**EXERCISE INSTRUCTIONS**
Give back the whole listing exactly as written, pictures excluded.

**COLLECTED MATERIAL**
==================================================

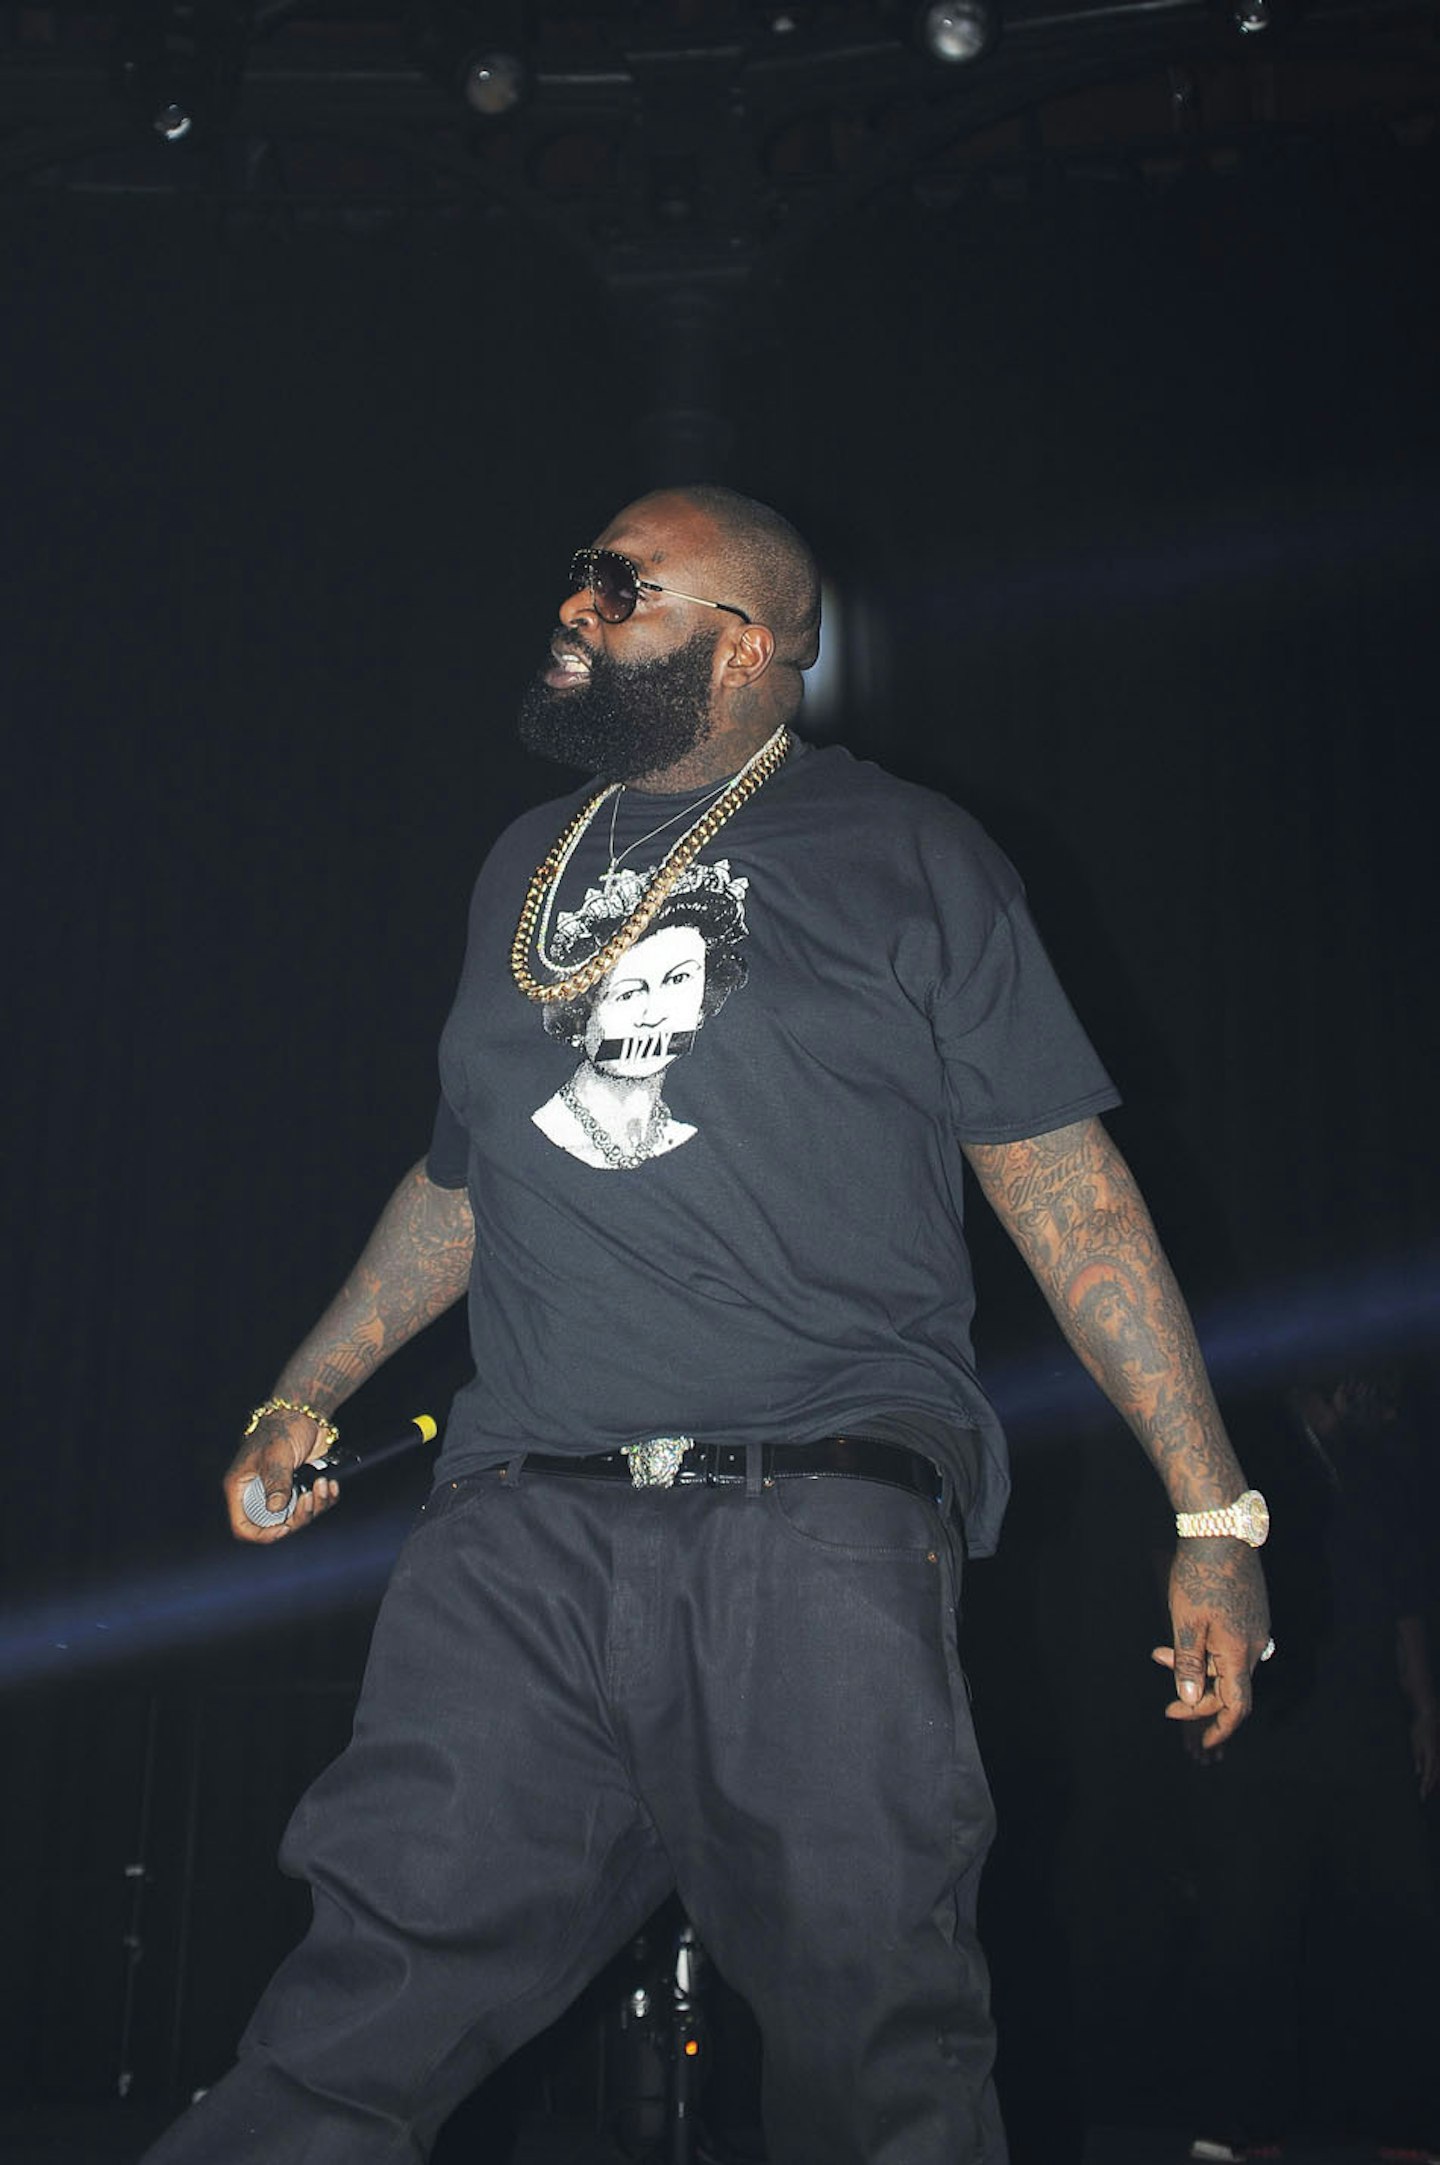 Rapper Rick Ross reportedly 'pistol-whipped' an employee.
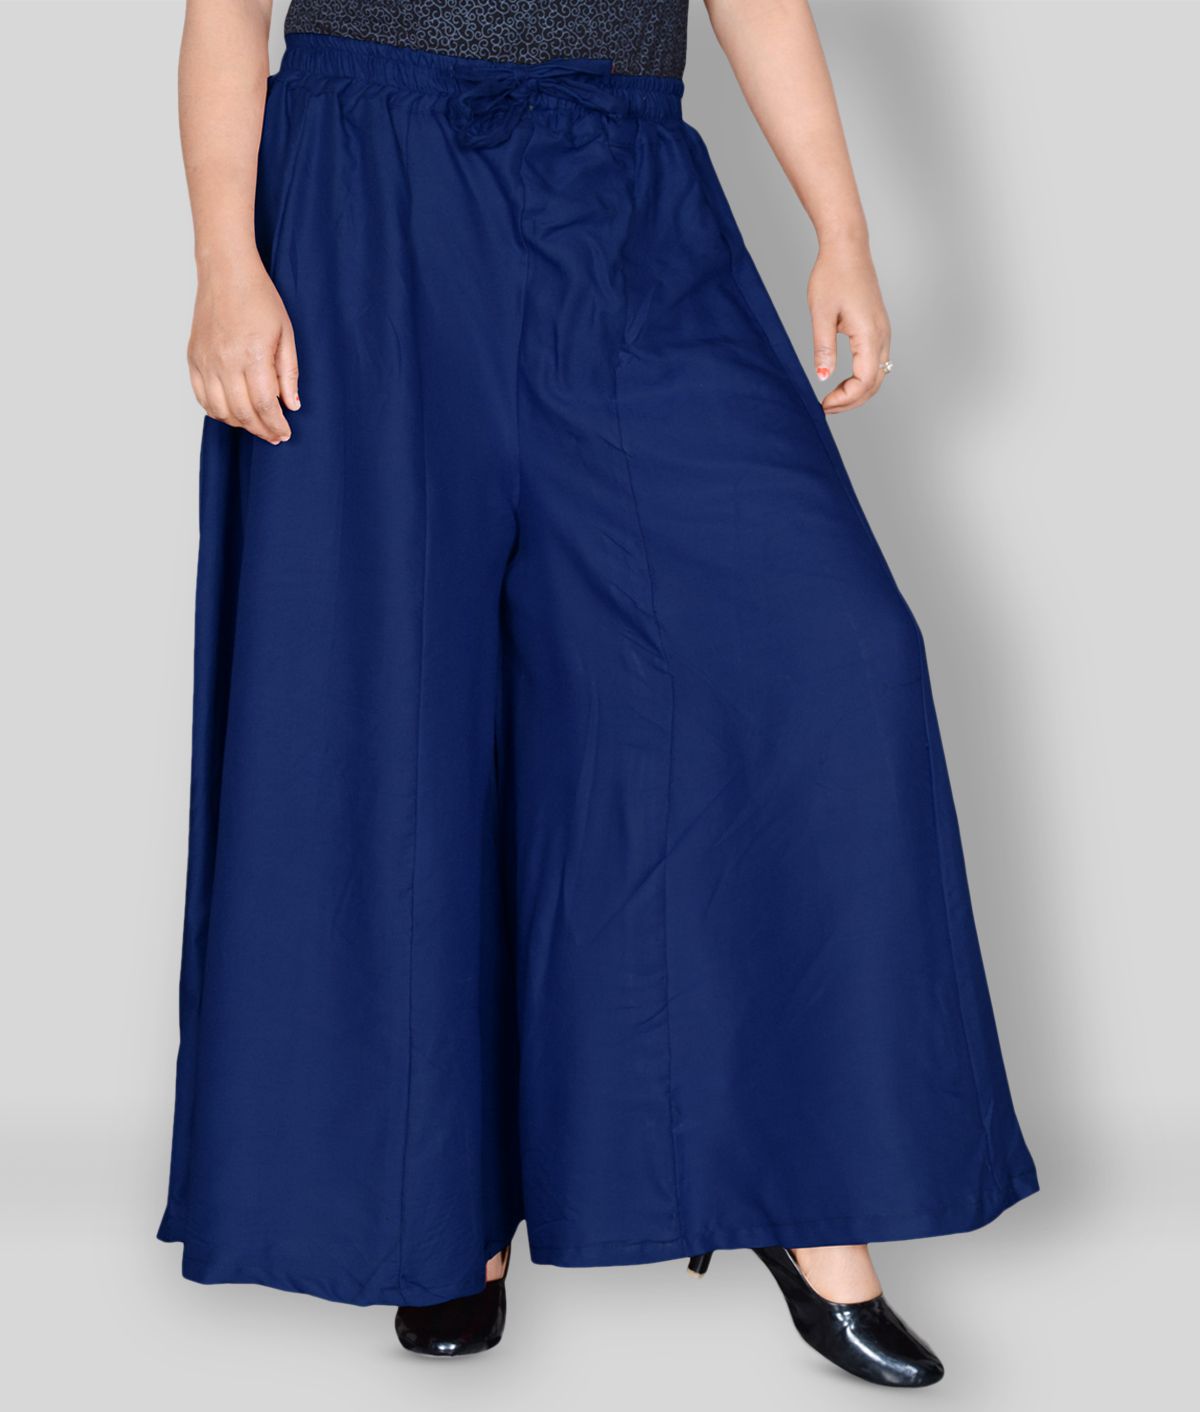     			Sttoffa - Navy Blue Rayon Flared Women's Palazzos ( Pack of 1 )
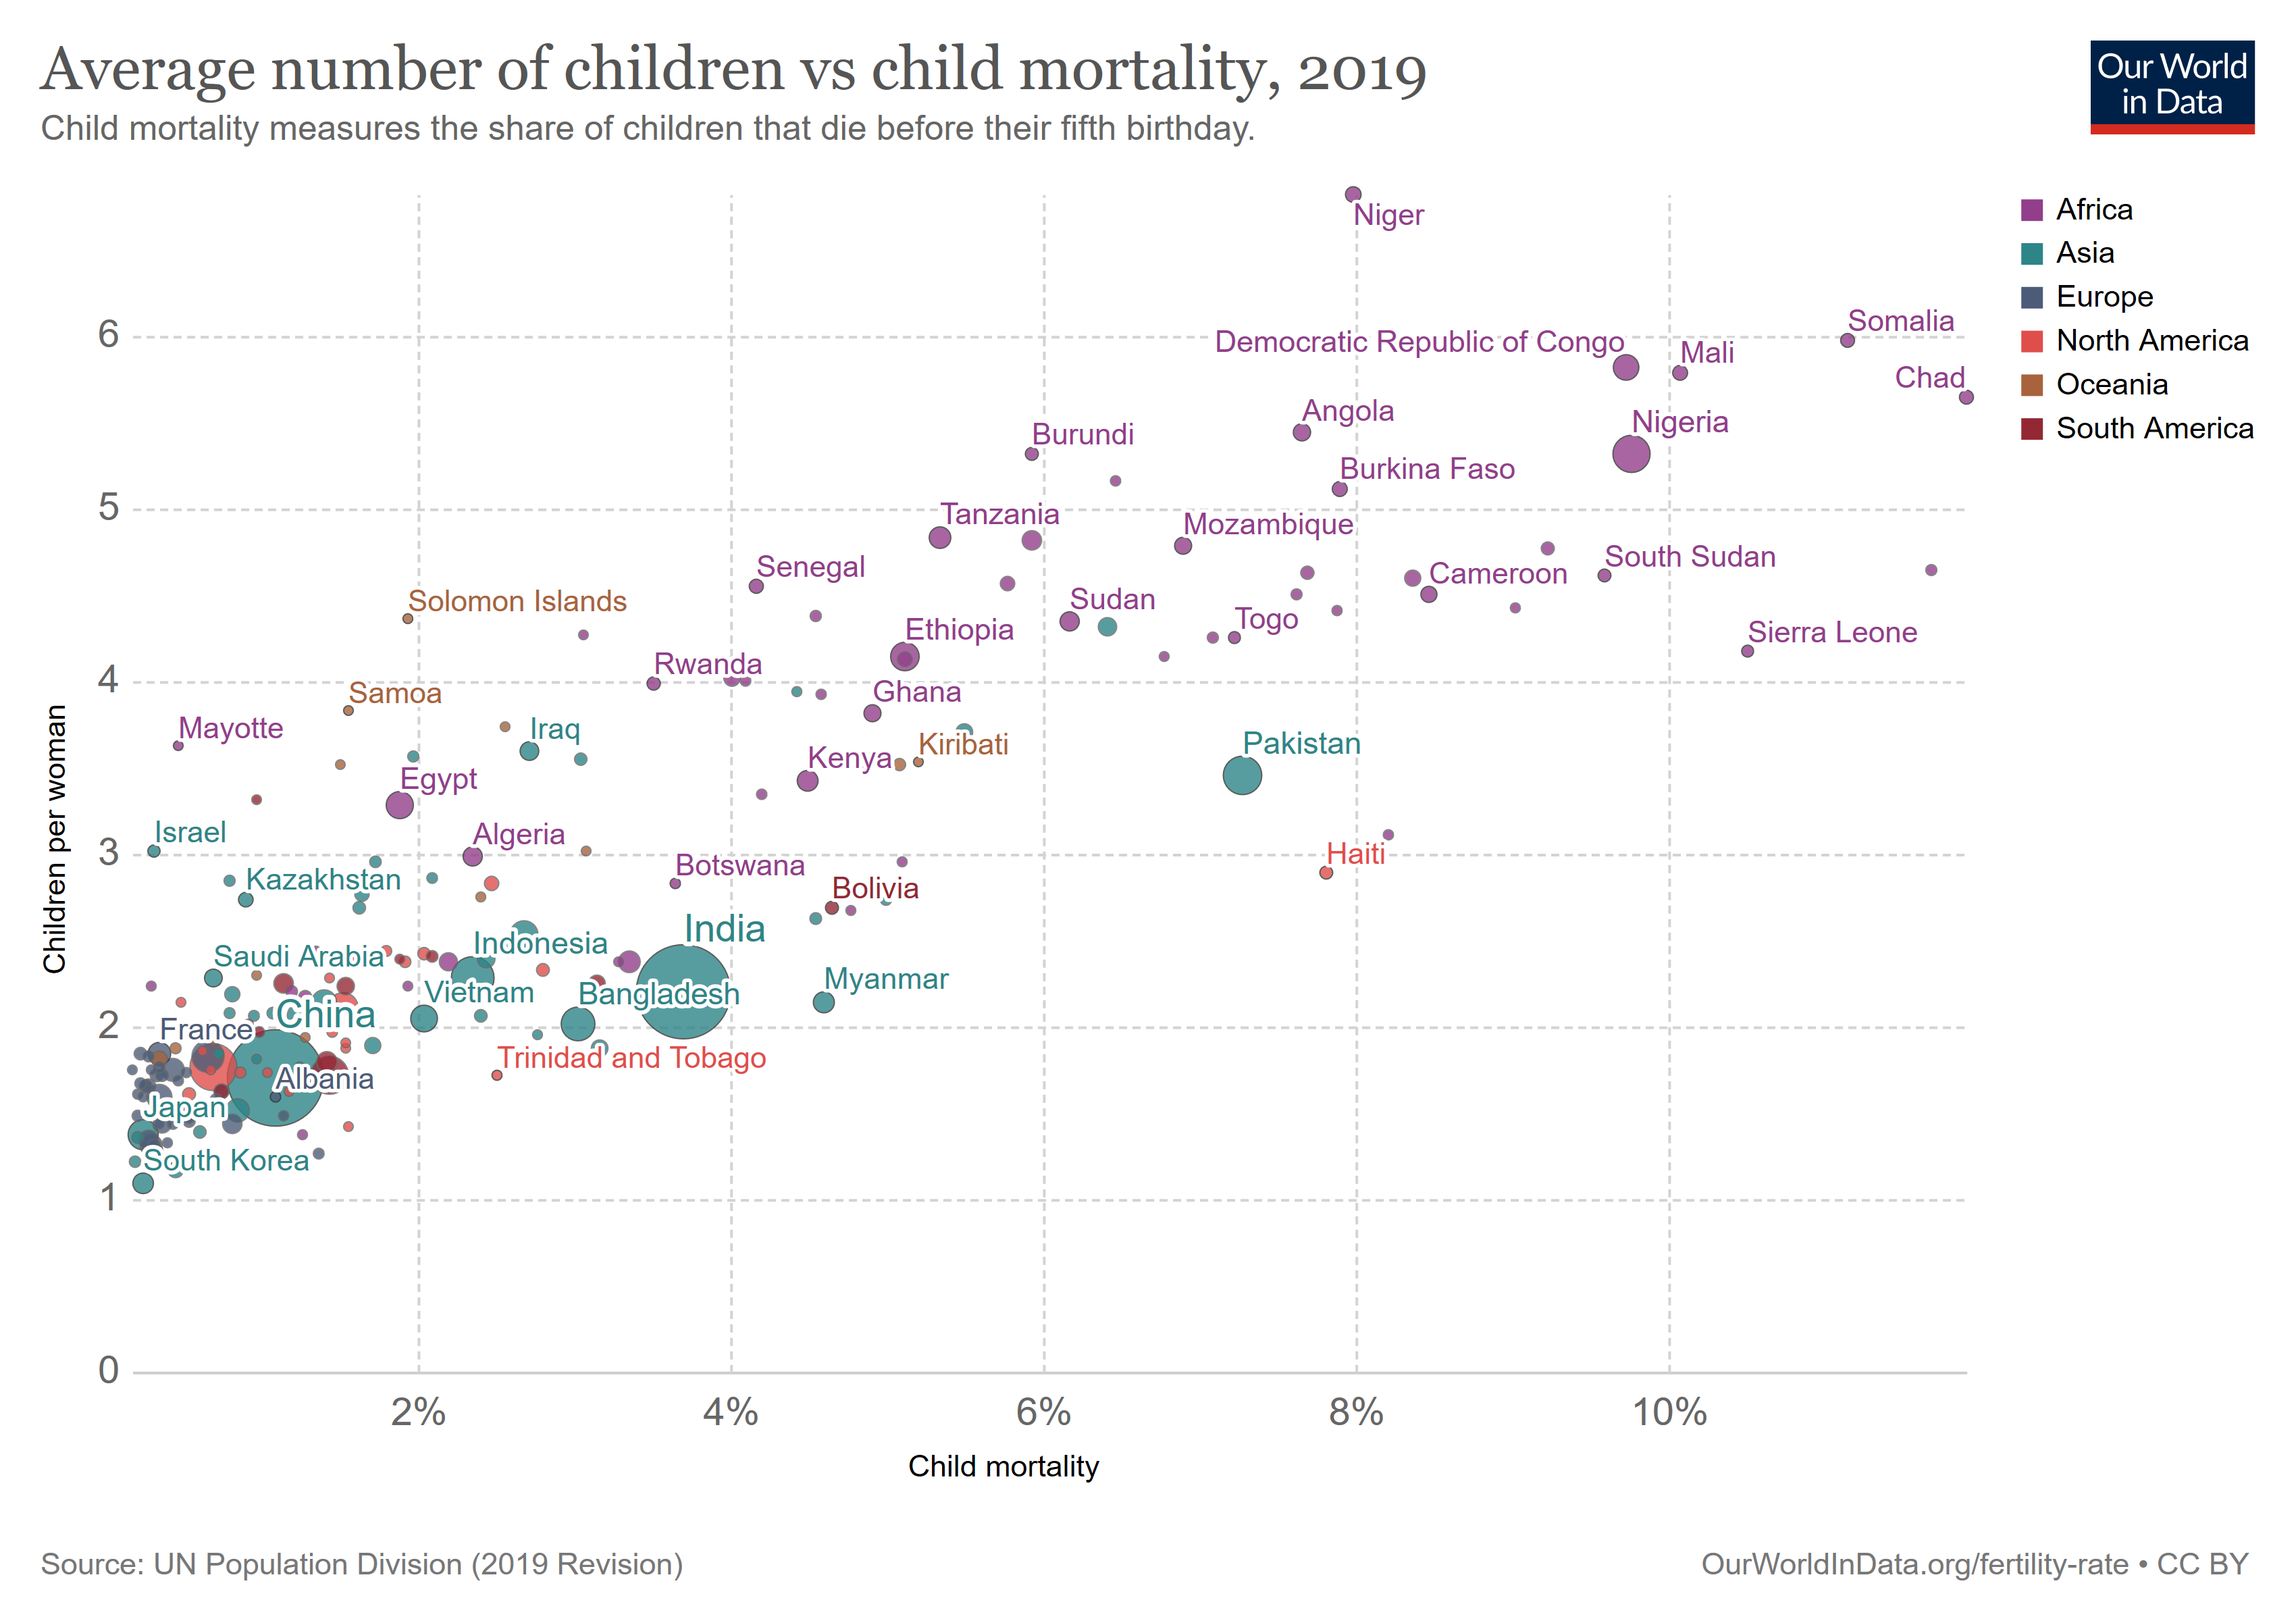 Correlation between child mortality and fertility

==================================================

**OUTPUT FOR THIS TASK**
 Rapper Rick Ross reportedly 'pistol-whipped' an employee.
     			Sttoffa - Navy Blue Rayon Flared Women's Palazzos ( Pack of 1 )
 Correlation between child mortality and fertility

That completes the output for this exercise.